HMGNs are known to specifically recognize the generic structure of the 147-bp CP, the building block of the chromatin fiber. Mobility shift assays (15) revealed that at a physiological salt concentration (150 mM NaCl), the HMGN variants bound specifically to CPs and formed complexes that contained only one type of HMGN protein. Accordingly, the addition of an equimolar mixture of HMGN1 and HMGN2 to CPs resulted in complexes that contained one CP and two molecules of either HMGN1 or HMGN2. CP complexes that contained one molecule of HMGN1 and one of HMGN2 were not detected (29). Likewise, the addition of HMGN2 and mHMGN5 to purified CPs resulted in complexes that contained either two molecules of HMGN2 or two molecules of mHMGN5 (34). These studies suggested that each HMGN variant has unique properties and forms specific complexes with CPs.

To examine whether mouse and human HMGN5 proteins have distinct properties and form distinct complexes, we first tested whether hHMGN5 alone forms complexes with purified CPs. Mobility shift assays revealed that like all other HMGNs, hHMGN5 at physiological ionic strengths bound cooperatively to CPs and formed complexes that contained two molecules of hHMGN5 per CP (Fig. 3A, left panel). To test whether hHMGN5 and mHMGN5 form specific or mixed complexes, we added CPs to an equimolar mixture of the two proteins. As shown in Fig. 3A (right panel), two distinct complexes were formed. One complex had the mobility of CP plus 2 molecules of hHMGN5, while the other migrated as CP plus 2 molecules of mHMGN5; heterodimeric complexes of CPs with one hHMGN5 and one mHMGN5, which would have an intermediate mobility, were not observed. Thus, the interaction of protein with CPs is specific to each HMGN5 variant.

Fig. 3. — Binding of HMGN5 to nucleosome CPs. (A) (Left) Mobility shift assay of CP with increasing concentrations of recombinant human HMGN5 under cooperative conditions at the molar ratio indicated above each lane. (Right) Mobility shift assay of nucleosome core particles with mixed human and mouse HMGN5 proteins. Only homodimeric CP plus 2 hHMGN5 or CP plus 2 mHMGN5 was detected. (B) Fluorescence images depicting the intranuclear distribution of hHMGN-YFP (a); hHMGN5(S19,23E)-YFP, which does not bind to chromatin (b); and mHMGN5-YFP (c). (C) FRAP recovery curves for hHMGN5-YFP, hHMGN5(S19,23E)-YFP, and mHMGN5-YFP in either euchromatin (eu) or heterochromatin (he). In living cells, hHMGN5-YFP and mHMGN5-YFP bind to chromatin with different affinities. The extremely fast recovery of the FRAP signal for the hHMGN5(S19,23E) mutant indicates that this mutant does not bind to chromatin. The t₇₀ values for various HMGN5 variants are indicated by broken lines. (D) Salt extraction of HMGN5 recombinant proteins. Proteins were salt extracted from cells with increasing NaCl concentrations. Supernatants (S) and pellets (P) were collected for each sample and probed by Western blotting with antibodies to either hHMGN5 or mHMGN5.

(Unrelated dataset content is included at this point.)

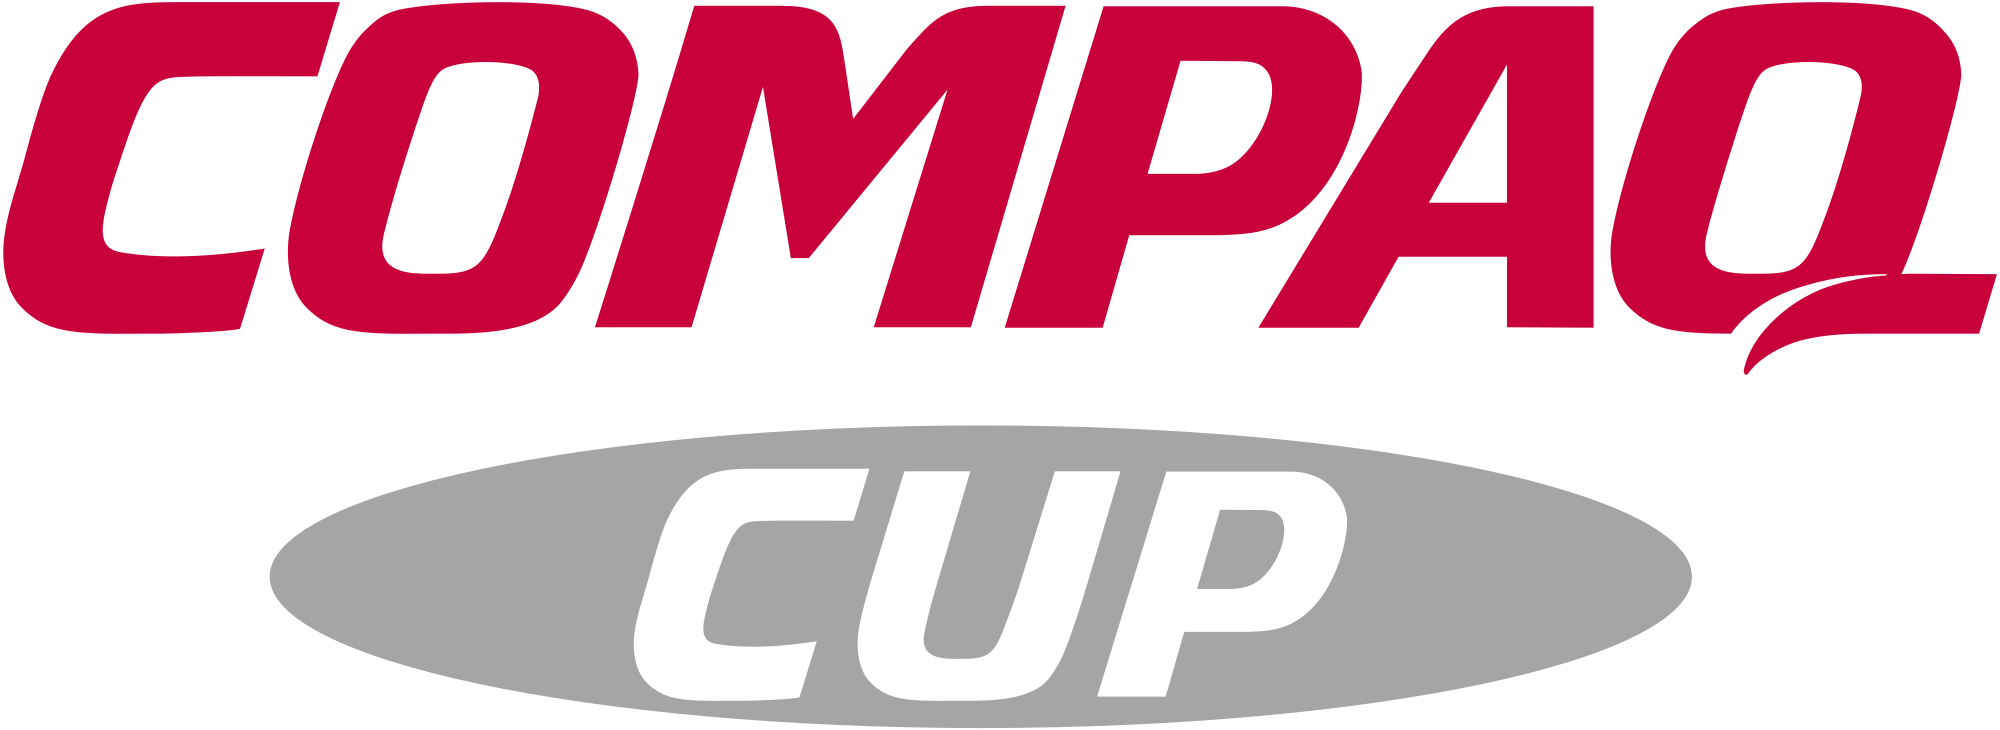 Compaq Logo - Compaq Cup logo 1999.svg
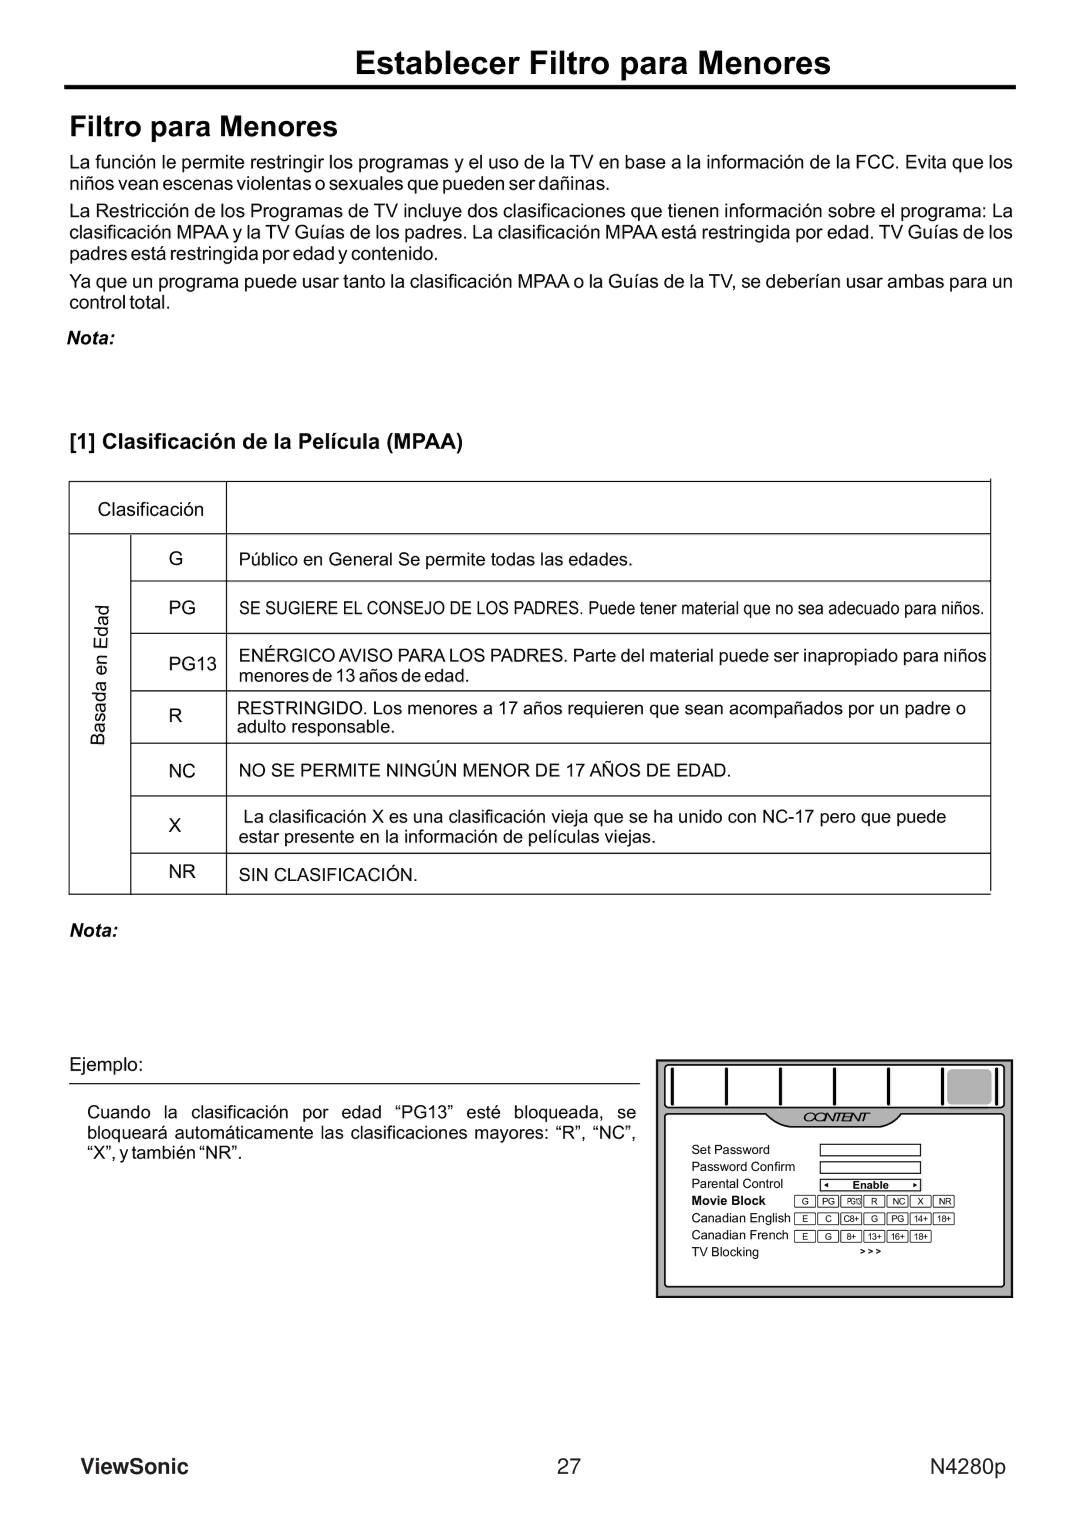 ViewSonic VS11838-1M manual Establecer Filtro para Menores, Clasificación de la Película Mpaa

To gain insights into the interactions of human and mouse HMGN5 proteins with chromatin in living cells, we expressed yellow fluorescent protein (YFP)-labeled proteins in SV40-transformed MEFs and used confocal fluorescence microscopy to visualize their locations. This analysis revealed that while wild-type hHMGN5-YFP clearly localized to heterochromatin, the double point mutant hHMGN5(S19,23E), which cannot bind to nucleosomes because of mutation of the two serines in the NBD (39), was evenly distributed throughout the nucleus, similar to mouse HMGN5 (Fig. 3B). This observation indicates that the specific interaction with nucleosomes defines the localization pattern of hHMGN.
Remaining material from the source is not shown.